To get this back to the level of individuals, which this episode does so well by focusing on one woman and one child, I have to say that I think Scully's the more psychologically wounded member of the team on this series. She believes herself isolated, even surrounded by family, even at the side of a man who's expressed personal committment to her at the expense of his previous goals - I have not forgotten that when Cancer Man told Mulder he could have what he really wanted, Mulder asked for a cure for Scully's cancer. Yet Scully chooses to be alone. She pushes Mulder away for reasons I don't quite understand, she doesn't call him when she's trying to muddle through the issues facing her. I certainly see why she'd never ask her traditionalist brother Bill for anything, and why she feels she can't expect her mother to understand everything, but why doesn't she try to make friends? Why has she taken on Mulder's quest as her own?

I'd like to believe it's purely that she's a philosopher seeking truths, but her sense of humor has increasingly gone by the wayside, and she seems depressed much of the time. The events of her recent life - abductions, assaults, the deaths of people close to her, some horrible betrayals - certainly explain much of her crisis of faith. But I wonder why she doesn't step away more often, as she did when she got that tattoo last year. I wish there had been more explicit commentary on the fact that Scully might want a child in response to social stimuli like her brother assuming she feels incomplete because she does not have a child, rather than the suggestions that of course she feels incomplete without one because all women do.

I'm no longer sure which questions she's seeking answers to - heck, I'm no longer certain which questions I'm seeking answers to on this series. I've lost track of more threads of the conspiracy than I can remember to count. Which I mean as a good thing. I want Scully to keep seeking and keep guessing at answers, but I'm upset at seeing her beaten down so often. I'd like some indication that people can triumph over the political and ethical questions that we face - or at least, like Frankenstein and "Emily" both suggest, that something as basic as love can make a difference.

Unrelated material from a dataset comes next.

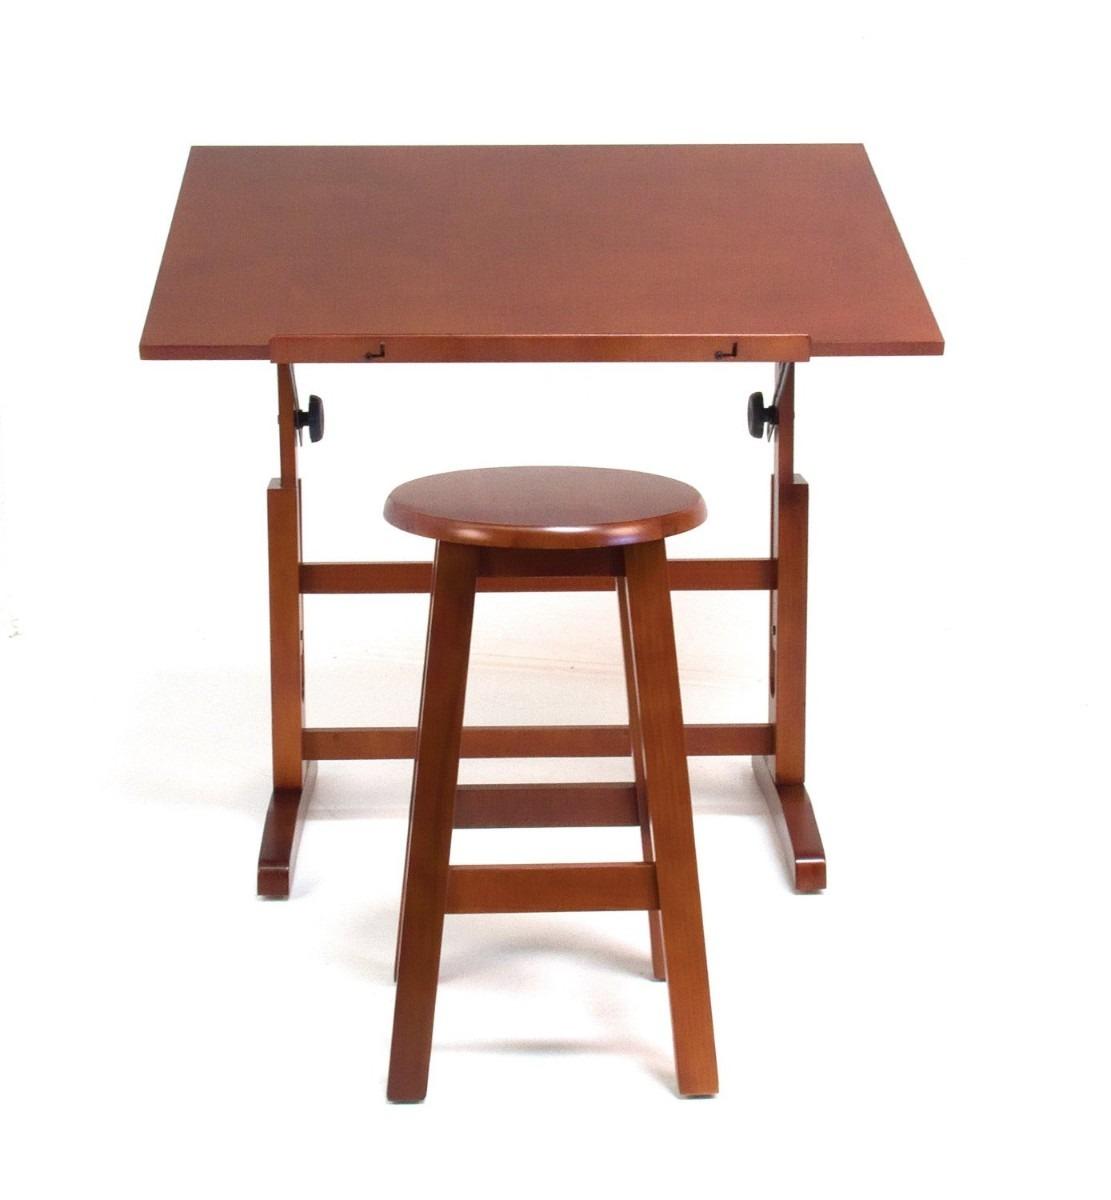 Mesa para dibujo artistico con silla escritorio dibujar for Costo de sillas para escritorio

Emily's illness has parallels to the virus Mulder was infected with in "Colony" and "End Game" - the E.R. doctor is saved by having her body temperature lowered, and Emily's tumor grows in precisely the same place at the back of her skull as the shapeshifting aliens must be stabbed to be killed. It seems probable that she's a human-alien hybrid (if such things still exist on this show), and even more probable that she could have a clone - either in one of those jars Mulder found, or somewhere out in the world, still alive. I have a feeling this is not the last we'll ever see of Scully's little girl. I don't know how I feel about that - the likelihood that Scully could be yanked around by her maternal instincts is deeply upsetting, and I hope the writers don't start cheap manipulation like we've gotten with the kidnapped Samantha. This series disappoints me when it becomes a women-and-children-in-danger horror movie. I have a lot of confidence, though, in its ability always to be something more.

I'm not a Christian, but the imagery of Scully walking in the dust made me think of that famous poem "Footprints," in which a man asks the Lord why he only sees one set of footprints in the sand during his hour of need, and the Lord replies that He was carrying the man. I would definitely throw up if this show started parroting popular fundamentalist literature, but I find myself wishing that Scully had some sort of faith to lean on. I don't believe that traditional religion is necessary for a fulfilling life any more than I believe that a child is necessary for a woman to feel complete, but in Scully's case, she certainly needs something. She wears the symbol of faith around her neck, but I don't think she believes that love walks with her, or even that the truth is out there. That can be as heartbreaking as losing a child.